(Dataset section)
• • • • • • •
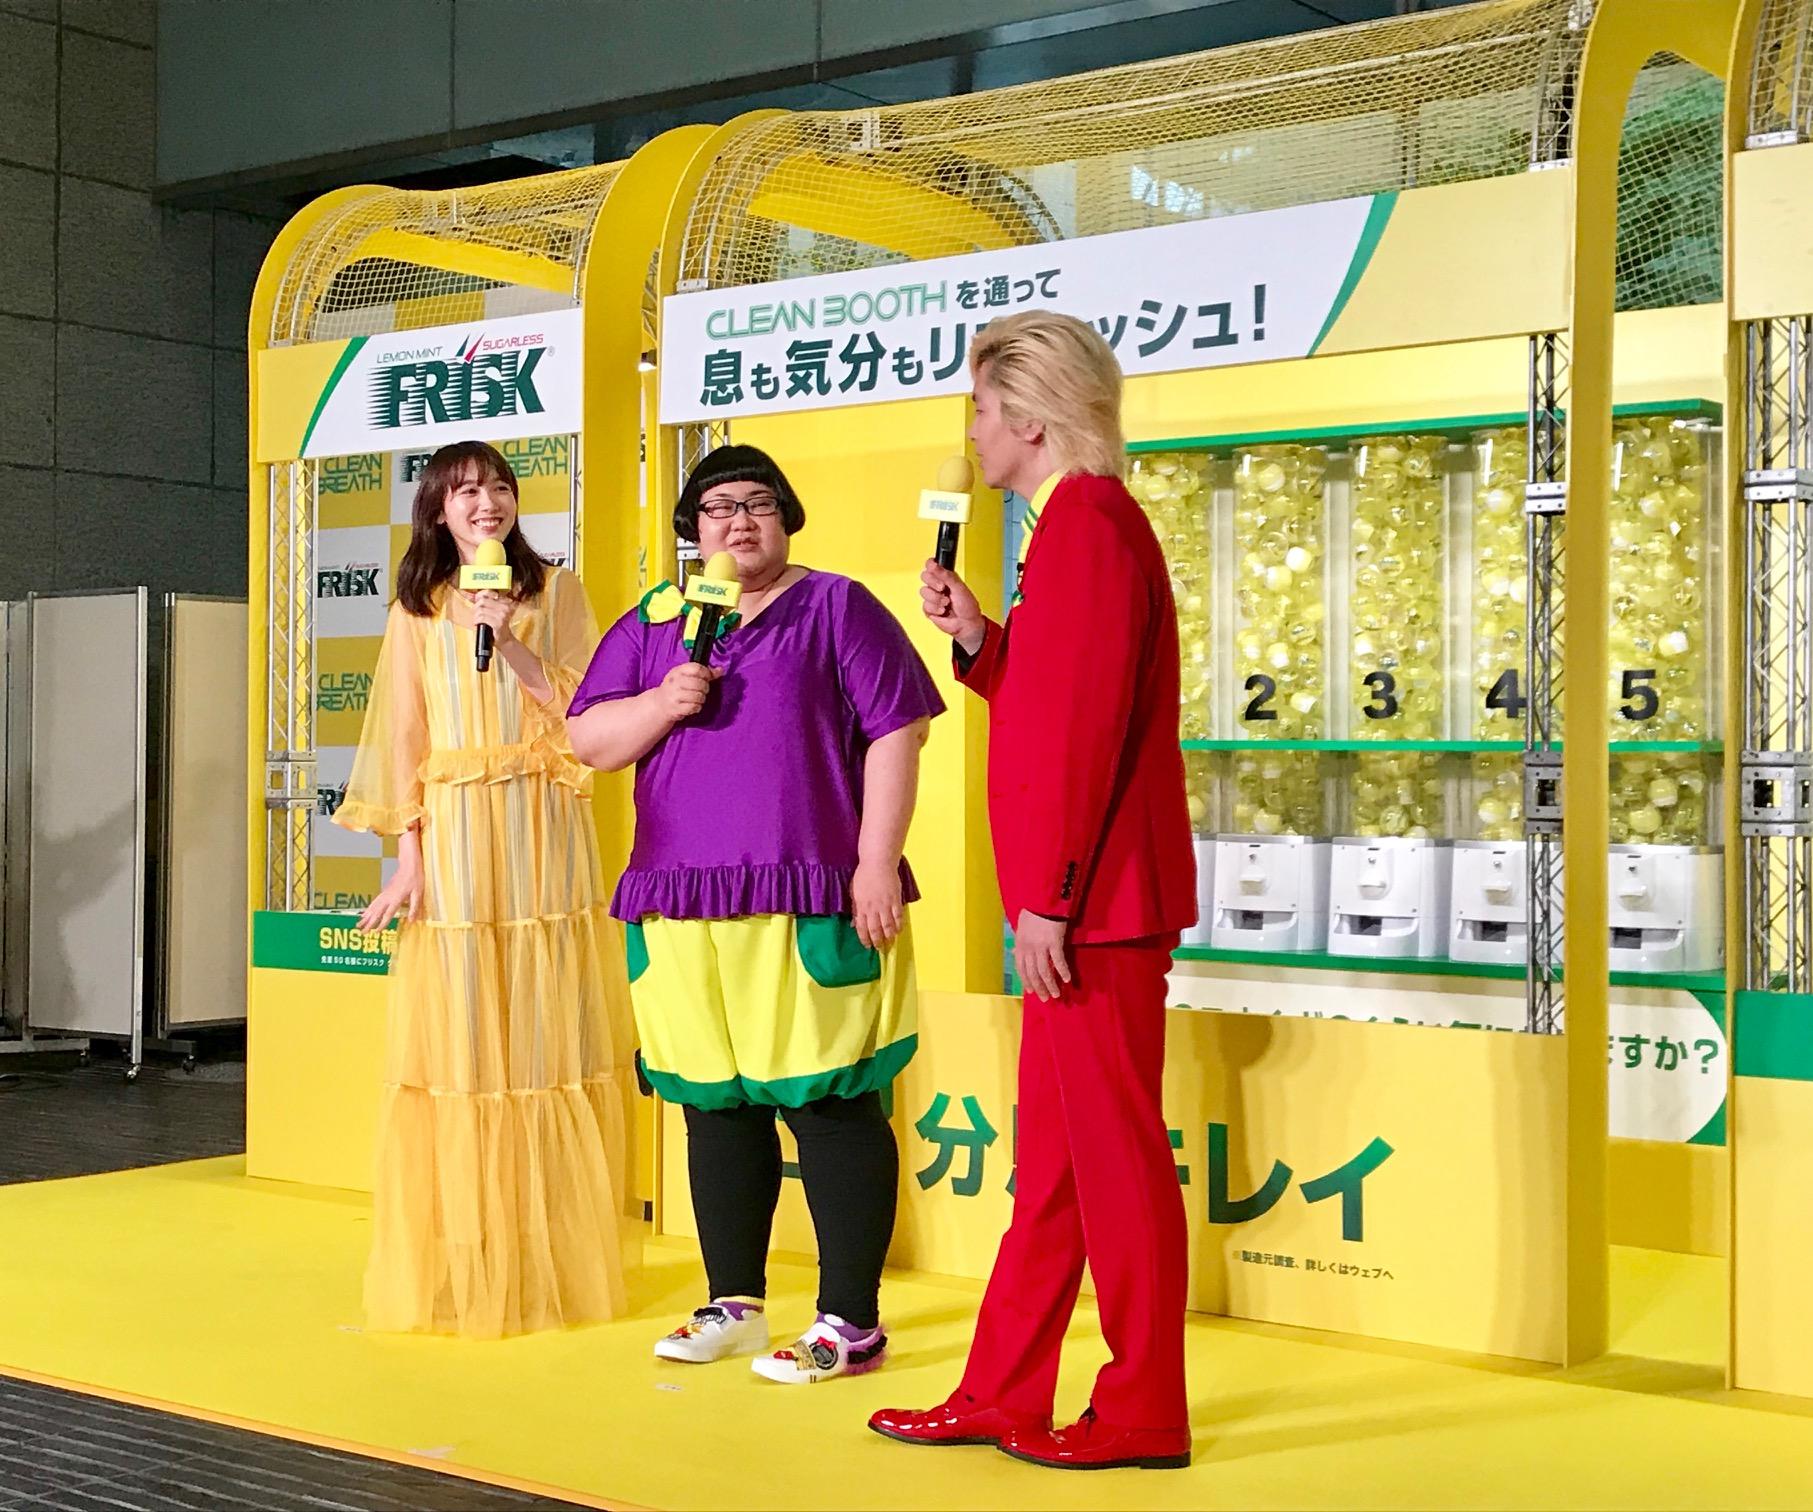 飯豊まりえ、カズレーザーさん、安藤なつさんが「フリスク クリーンブレス」新作発表会に登場!_2
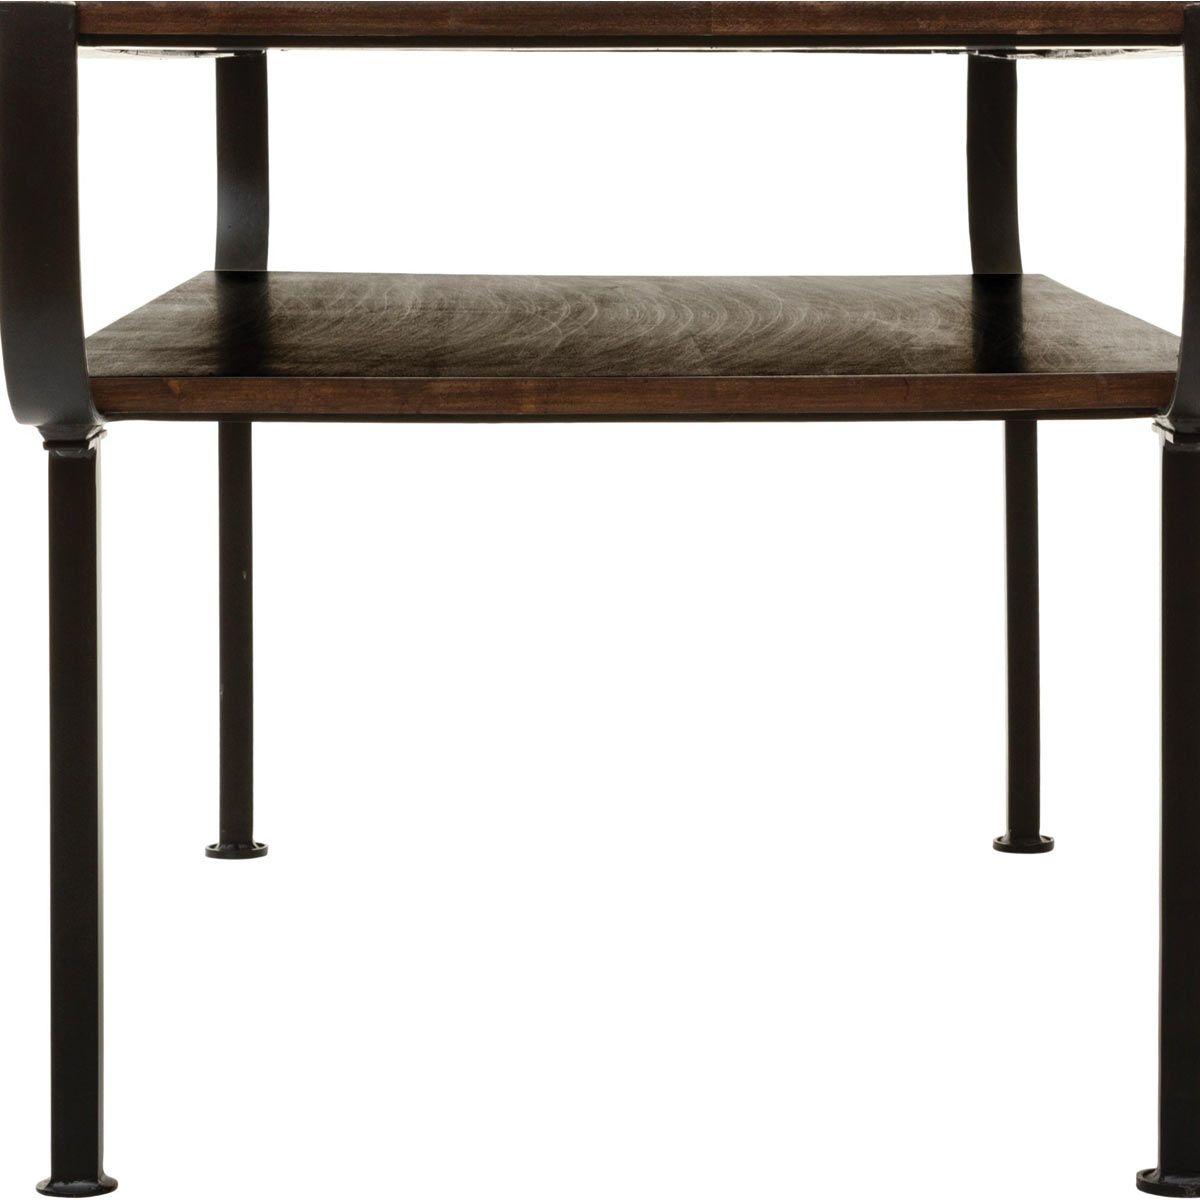 Table basse en bois de manguier
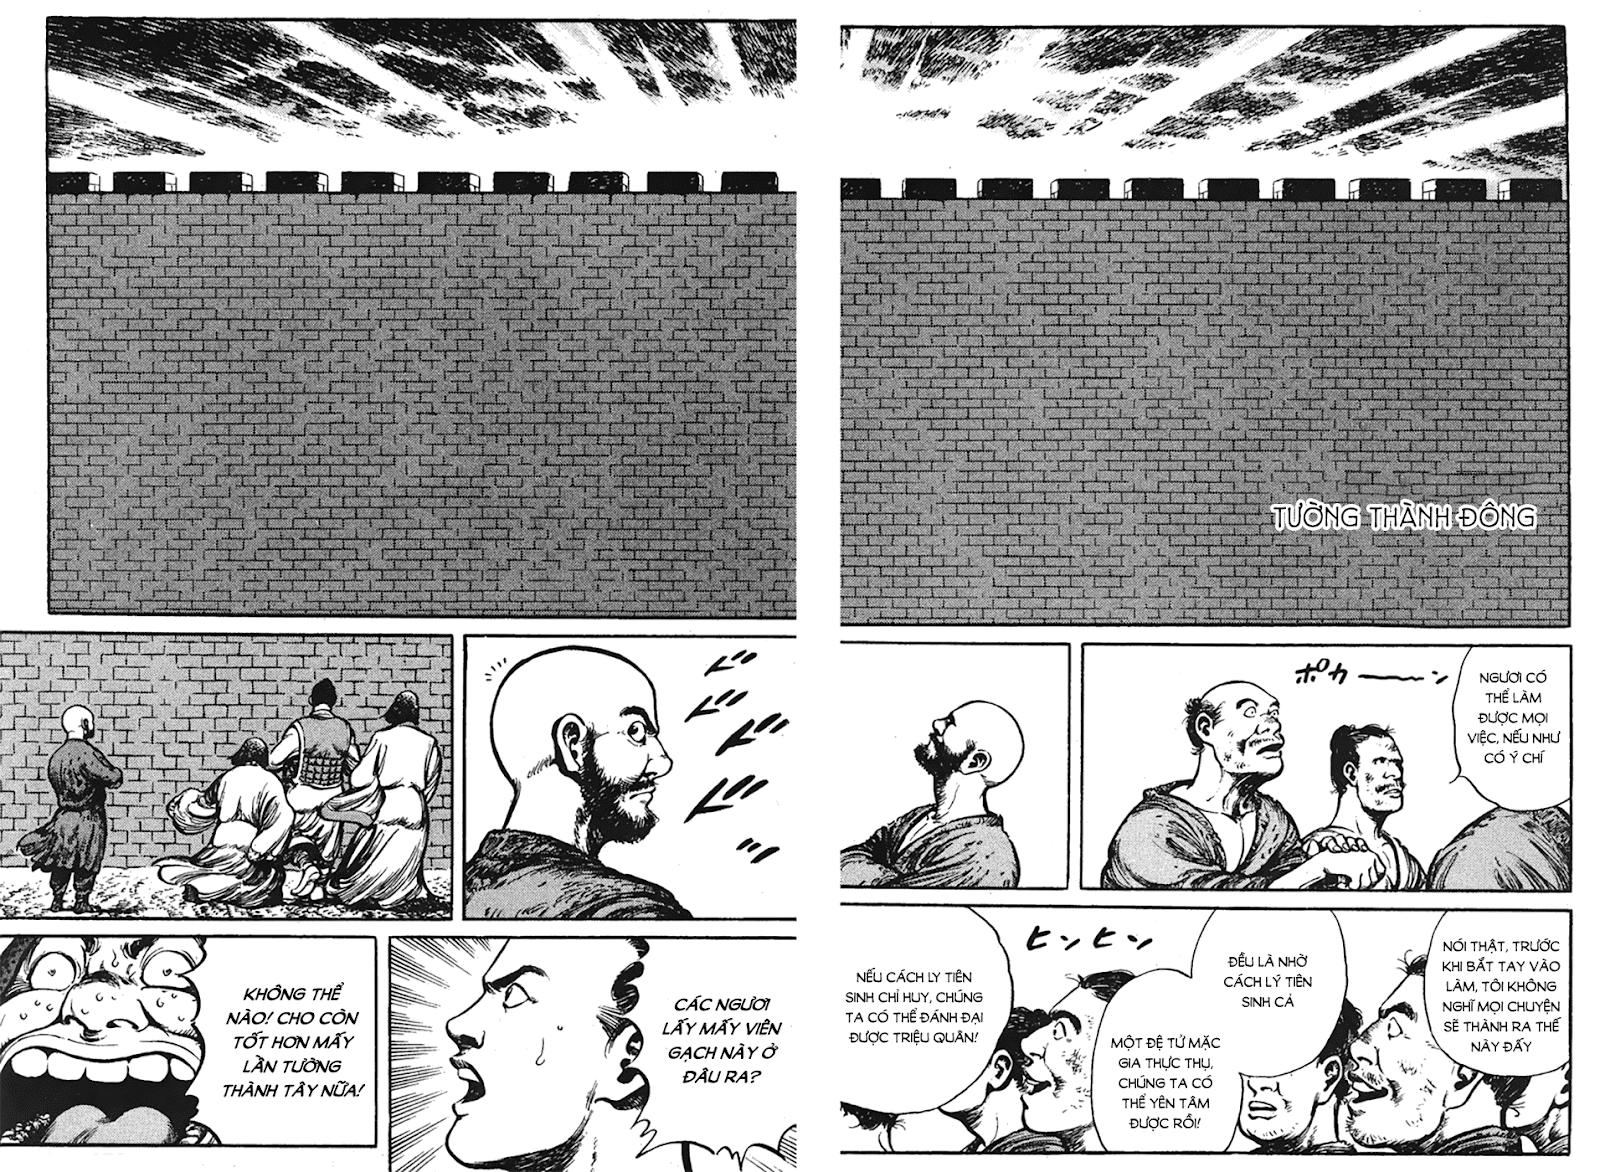 Bokko Chapter 3: Cách Ly sửa thành trang 14
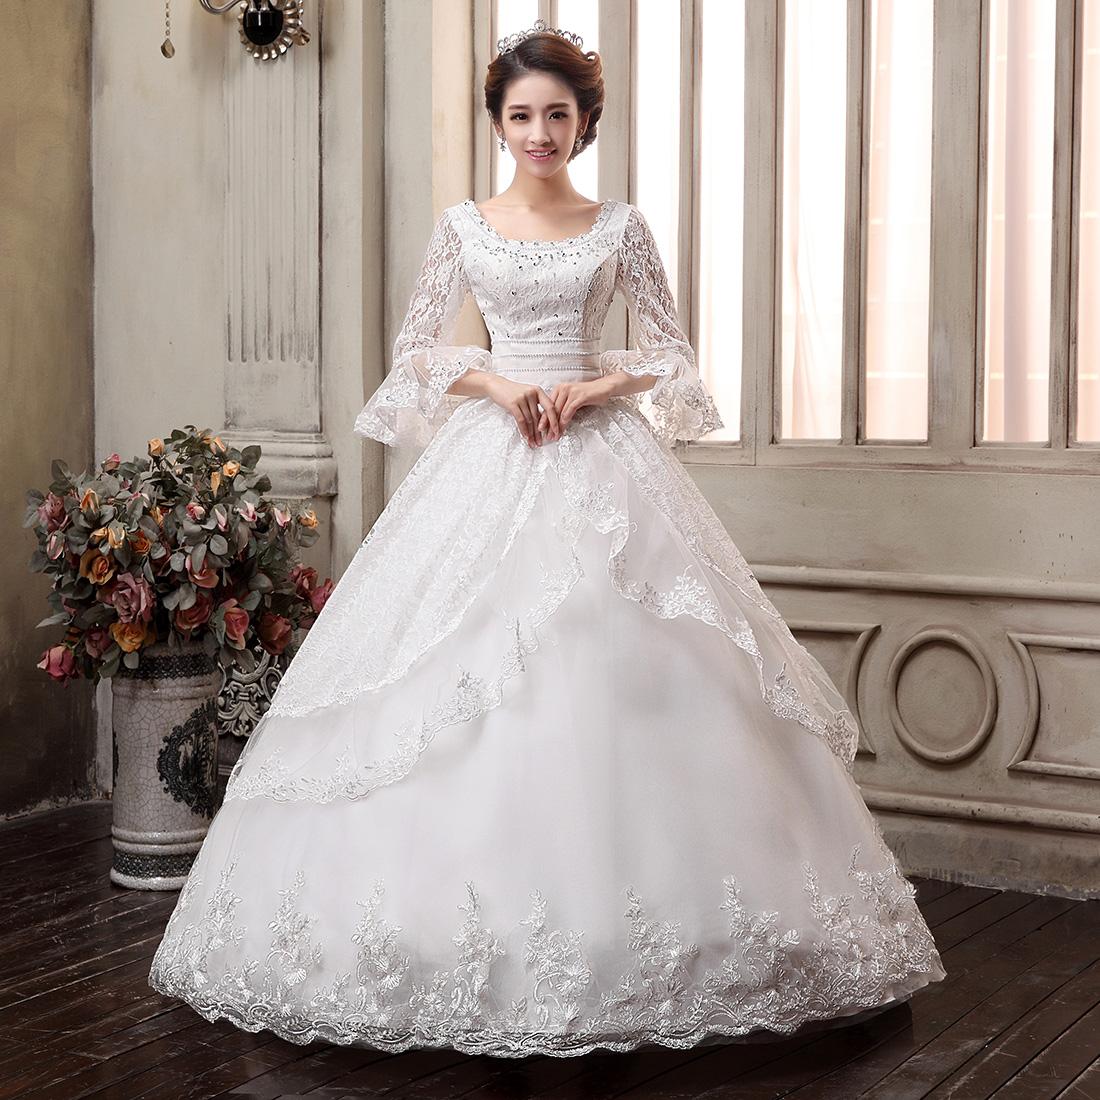 韩式新娘孕妇婚纱高腰加大码婚纱礼服胖mm显瘦2015新款齐地秋冬季
• • • • • • •
(What you are asked to do)
Without any pictures, return the material above exactly.

(Answer to the problem)
 飯豊まりえ、カズレーザーさん、安藤なつさんが「フリスク クリーンブレス」新作発表会に登場!_2
 Table basse en bois de manguier
 Bokko Chapter 3: Cách Ly sửa thành trang 14
 韩式新娘孕妇婚纱高腰加大码婚纱礼服胖mm显瘦2015新款齐地秋冬季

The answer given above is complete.